Warum sonst sollte er ihn mit einer Kirche strafen, die sich zwar auf ihn beruft, aber praktisch nichts mit ihm gemein hat. Unter den Umständen hätte er sicherlich bereut, was er da in die Wege geleitet hat. Wobei es 500 Jahre nach der Reformation ohnehin nicht den Eindruck macht, als ob da noch weitere 500 Jahre dazukommen. Dafür ist diese Kirche zu kraft- und ideenlos und kann Menschen auf Sinnsuche keinen Halt bieten, weil sie selbst in einer Sinnkrise steckt.

Ein freier Tag

Kein Wunder, dass in den sozialen Netzwerken für den Reformationstag auch nicht mit religiösen Inhalten geworben wird, sondern mit dem Slogan: wir alle haben frei! Ja, wunderbar. Als Luther die Schlosskirche in Wittenberg beschädigte, ging es ihm vermutlich weniger um etwas mehr Freizeit und wahrscheinlich hätte sogar ein Fanatiker wie er es für unverhältnismäßig gehalten, für einen freien Tag im Oktober einen Religionskrieg zu führen, der halb Europa entvölkerte. Und dennoch: die Protestanten wissen fünfhundert Jahre nach Luther nicht, womit sie werben sollen. Deswegen also: wir alle haben frei! Das klingt ein bisschen nach hitzefrei, nur bei schlechtem Wetter.

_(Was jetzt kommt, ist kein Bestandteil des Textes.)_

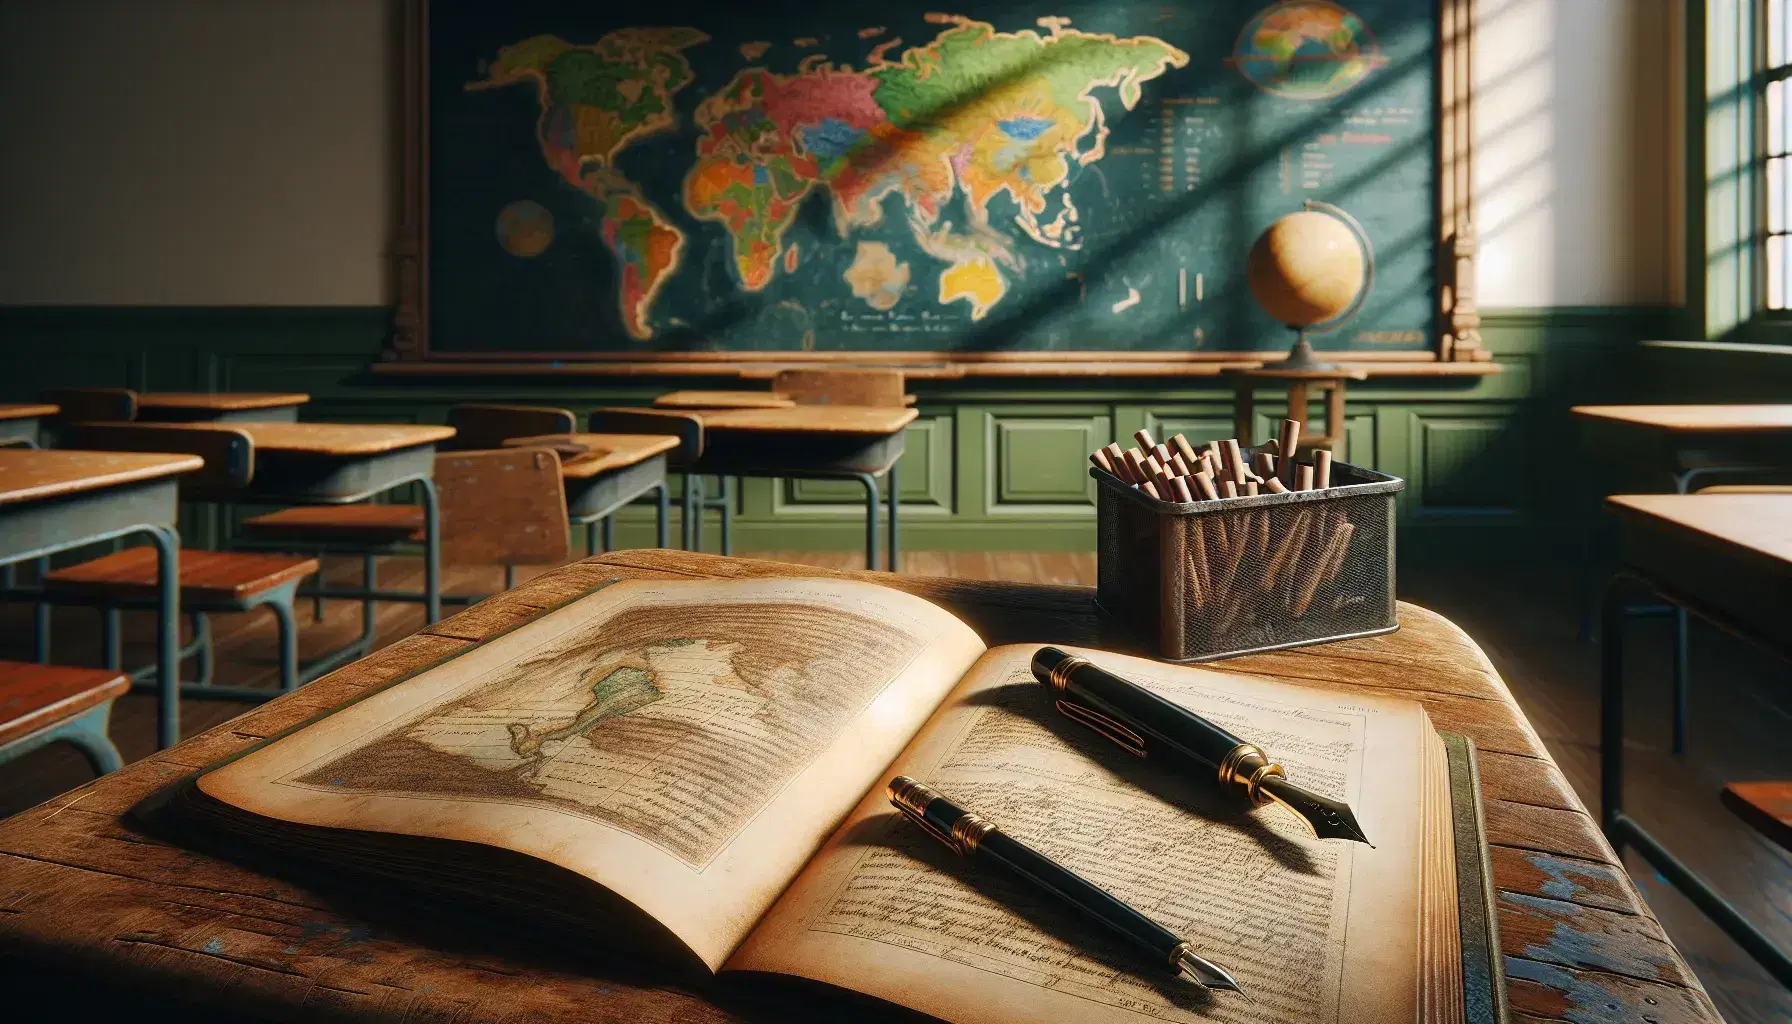 Scena tranquilla di un'aula scolastica con banco in legno, libro aperto, penna stilografica nera, lavagna verde e mappa geografica colorata.
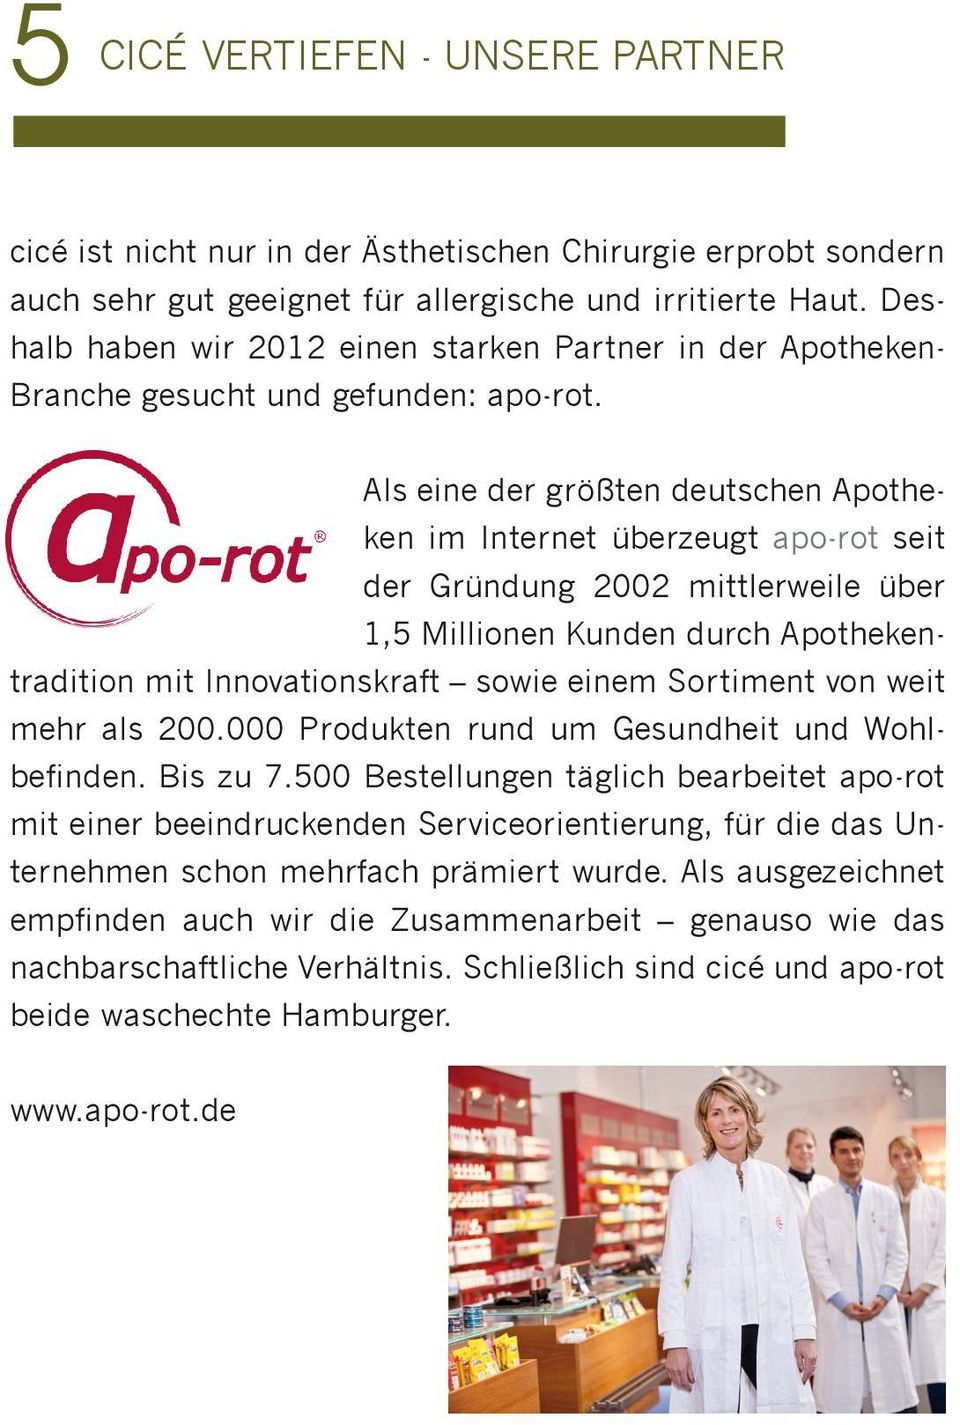 Als eine der größten deutschen Apotheken im Internet überzeugt apo-rot seit der Gründung 2002 mittlerweile über 1,5 Millionen Kunden durch Apothekentradition mit Innovationskraft sowie einem

Und wie geht es nun weiter mit Luthers Erben? Nachdem „seine“ Kirche längst von Hardlinern wie ihm befreit ist (weswegen es heute Pastorinnen gibt, so ein Sakrileg hätte es mit dem zornigen Martin nicht gegeben), wird sie ihren Weg zu einer ganz im Diesseits verankerten Organisation fortsetzen, die sich mehr für Umwelt- und Naturschutz einsetzt sowie im sozialen Bereich aktiv ist, aber immer weniger die Seelen der Menschen im Blick hat. Ihr Hauptkonkurrent um Mitglieder wird in Zukunft nicht mehr die katholische Kirche sein, sondern Greenpeace. Die Zeiten haben sich geändert und die evangelische Kirche wäre nicht die erste Organisation der Welt, die ihr Geschäftsmodell umstellt, weil sie sonst keine Zukunft mehr hätte.

Als ich für das Buch „Deutschland, deine Götter“ umherreiste, sagte mir ein Pastor übrigens mit folgender symptomatischer Begründung ab: „Termine nach 14:00 Uhr sind immer schlecht einzurichten, da habe ich nämlich das Bedürfnis zu schlafen.“

Na dann, gute Nacht.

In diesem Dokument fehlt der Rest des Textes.